Lousy, good-for-nothing terrorists. As if it isn’t enough that al Qaida – or groups… Lousy, good-for-nothing terrorists. As if it isn’t enough that al Qaida – or groups strikingly similar to al Qaida in their obsessive jihadi-ness – do annoying stuff like blow up train stations and fly airplanes into buildings, they’ve now decided to hit us where it hurts: in our horror movies.
This was a hypothesis I read in The New York Times Sunday Styles section – their motto being “Look at these rich, rich, socially connected people who are getting married. Envy them! Envy!” – the argument being that horror movies are a sort of a Rorschach test for the national unconscious and this test is coming up positive for terrorist influences.
Seriously, let’s look at the evidence we have before us. Horror movies, as everyone is aware of, are a cyclical thing. Certain themes tend to dominate at particular times. What this theory is suggesting is that the monster that dominates the box office is the monster that represents the national fear.
The vampire, always my favorite, enjoyed a brief blood-soaked reign in the late ’80s/early ’90s. “The Lost Boys,” “Interview With the Vampire” and “Bram Stoker’s Dracula” were all moderately successful movies at the time that featured the blood-sucking undead. Perhaps there were other horror films at the time – probably dreary sequels with terrible one-liners and half naked teenagers that didn’t feature vampires – but the undead were enjoying a moment in the pop culture spotlight. And why was that?
Look at what Americans were afraid of and obsessed by – occasionally at the same time – in the late ’80s/early ’90s. AIDS, a blood borne and incurable virus that was striking the young and turning sex into death, was raging uncontrolled in this time period, still stigmatized as a gay disease and still viewed as a death sentence capable of turning a young and healthy body into a crippled and diseased one. Androgyny was falling off Calvin Klein billboards to appear in malls, transforming the hearts and minds of the American youth. And finally the combined 12 years of two Republican regimes had produced an angry alternative generation that demanded a different sort of lifestyle than that of the noxious money- and cocaine-addled yuppies of the ’80s.
The vampire boom had to happen because the vampire image – bloodsucking, overtly sexual, frequently homoerotic and decadent in a decidedly non-bourgeois manner – dovetailed perfectly with that period in time. It’s just like the big werewolf movie boom of the eighties. Everyone then was obsessed with money – greed was legendarily good – and yet everyone felt bad about being greedy. “Voila,” “An American Werewolf in London,” the underrated “Teen Wolf” franchise and the deservedly ignored “Howling” series were all movies that said it was OK to be a bad guy, that becoming a manimal wasn’t the worst thing that could happen to someone. The ’80s were a time when no one felt comfortable with what they were doing, so a monster that lived in a constant state of duality was born, one part good human, one part raging id that did whatever it needed to, no matter what the circumstances. Even barbarians at the gate want to feel understood.

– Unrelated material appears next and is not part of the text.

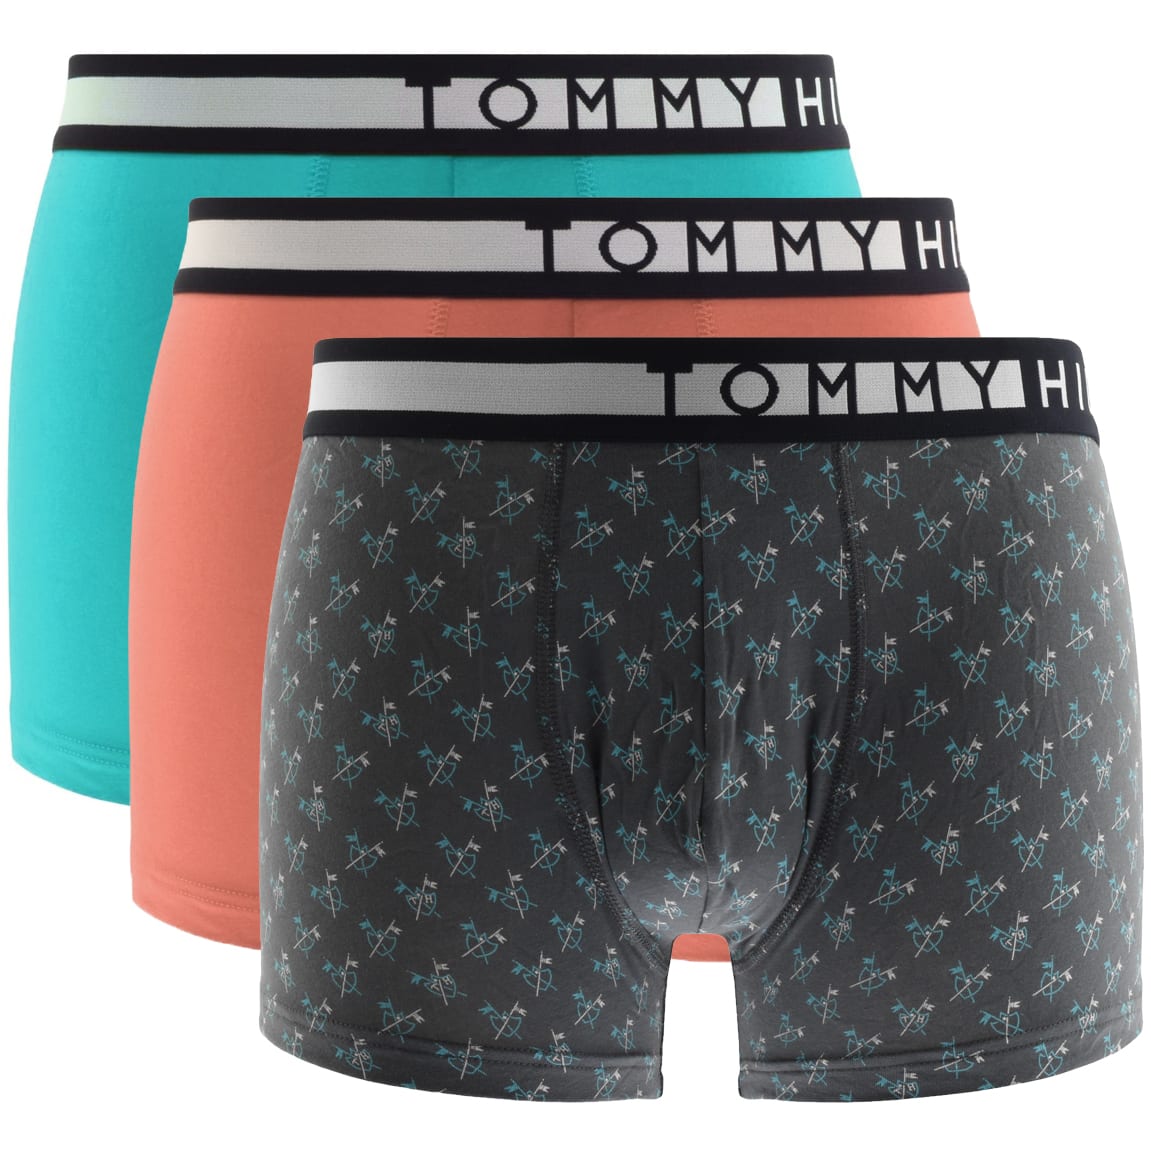 tommy hilfiger underwear trunks

Terrorism is what we worry about nowadays, though, the exterior threat instead of the interior. No one cares about AIDS – Bill Gates will come up with a vaccine, right? – and no one even thinks he should feel bad about being greedy, so what do we worry about? We worry about terrorists. And that’s why we have zombie movies.
Zombies, as the article pointed out, are the ultimate stand-in for terrorism because they do not signal that the system is under attack, they symbolize that the system has been destroyed. If you call the police, there is no response. The police can become the zombies. The ability to survive the zombie lies mostly in how many boards one can use to reinforce the doors of the house in which one is making a last, desperate stand. Zombies are fear and, as such, are a lovely stand-in for the forces that menace our society.
What is one to make, however, of the new reoccurring theme in horror films? I’m speaking of the terrifying image of the ghost child, an adversary frequently spooking audiences in American remakes of J-horror films. Is the scary kid just an imported image and, as such, unworthy of debate? Or is it that American audiences have keyed into the dead child as a different sort of metaphor?
In Symbolism 101, ghosts are frequently found to be a symbol of history and, especially in the case of a child ghost, a history that has never been addressed. These ghost children, with their wide eyes and ominous silences, seem to speak directly to an America that has been having problems with history lately. As wars go poorly and foreign policy fails, the flickering image of the ghost child suggests that things never stay as deeply buried as one might wish and the past is always waiting to recommence.